The standard treatment for atypical hyperplasia is close follow-up. In many ways, a diagnosis of atypical hyperplasia is similar to getting an abnormal Pap smear that is not cancerous: Both need to be monitored. Monitoring is especially important if you have a strong family history of breast cancer. If you do, you may want to ask your doctor to recommend a program for high-risk women. These programs provide close follow-up, which means clinical breast exams every six months and yearly mammograms.

You also may want to make an appointment with a genetic counselor to discuss testing for the hereditary breast cancer gene mutations, called BRCA1 and BRCA2, which put women at higher risk for breast and ovarian cancer. The National Cancer Institute and the National Society of Genetic Counselors can help you locate a genetic counselor near you.

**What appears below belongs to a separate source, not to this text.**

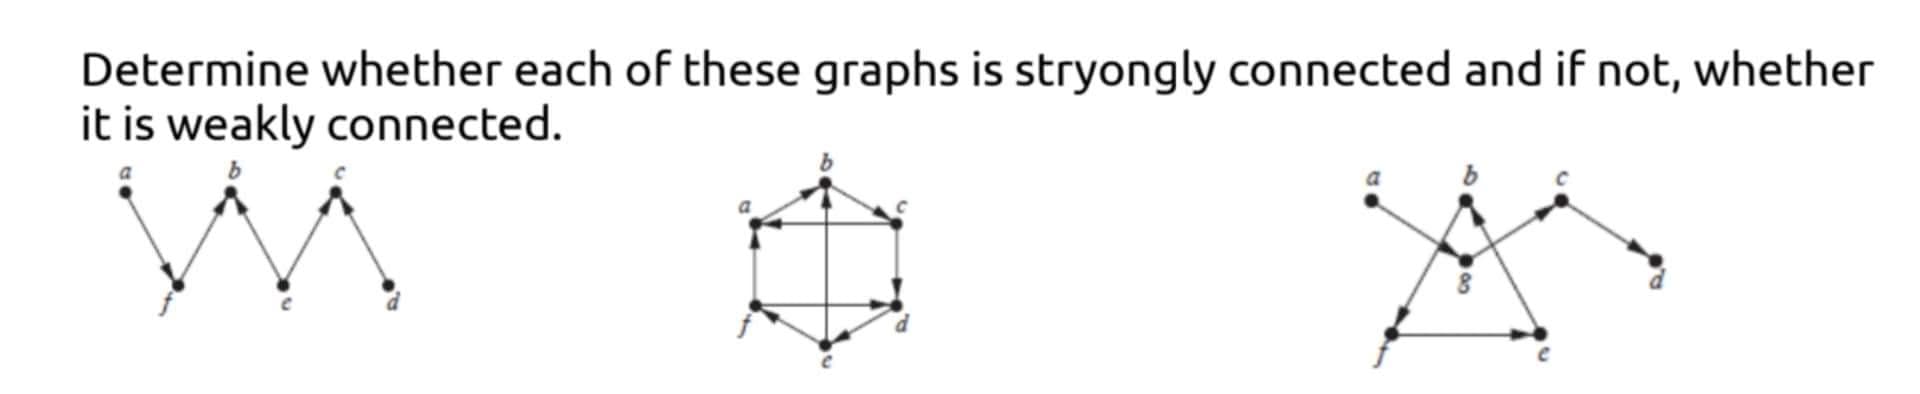 Determine whether each of these graphs is stryongly connected and if not, whether
it is weakly connected.

More controversial is the question of tamoxifen for five years to reduce your risk of developing breast cancer. Tamoxifen is a type of hormone therapy routinely used to treat women with breast cancer whose tumors are hormone-sensitive. It is currently the only drug approved for breast cancer risk reduction. When used in this way it is commonly referred to as chemoprevention. It is not safe to take tamoxifen if you are pregnant or trying to get pregnant. Since tamoxifen has side effects, you need to discuss the risks and benefits with your physician, as the risks may outweigh the benefit you would receive.

If you are postmenopausal and decide you are interested in chemoprevention, another option would be to enroll in the ExCel study. This study is exploring the effectiveness of the aromatase inhibitor exemestane (brand name Aromasin) in preventing breast cancer.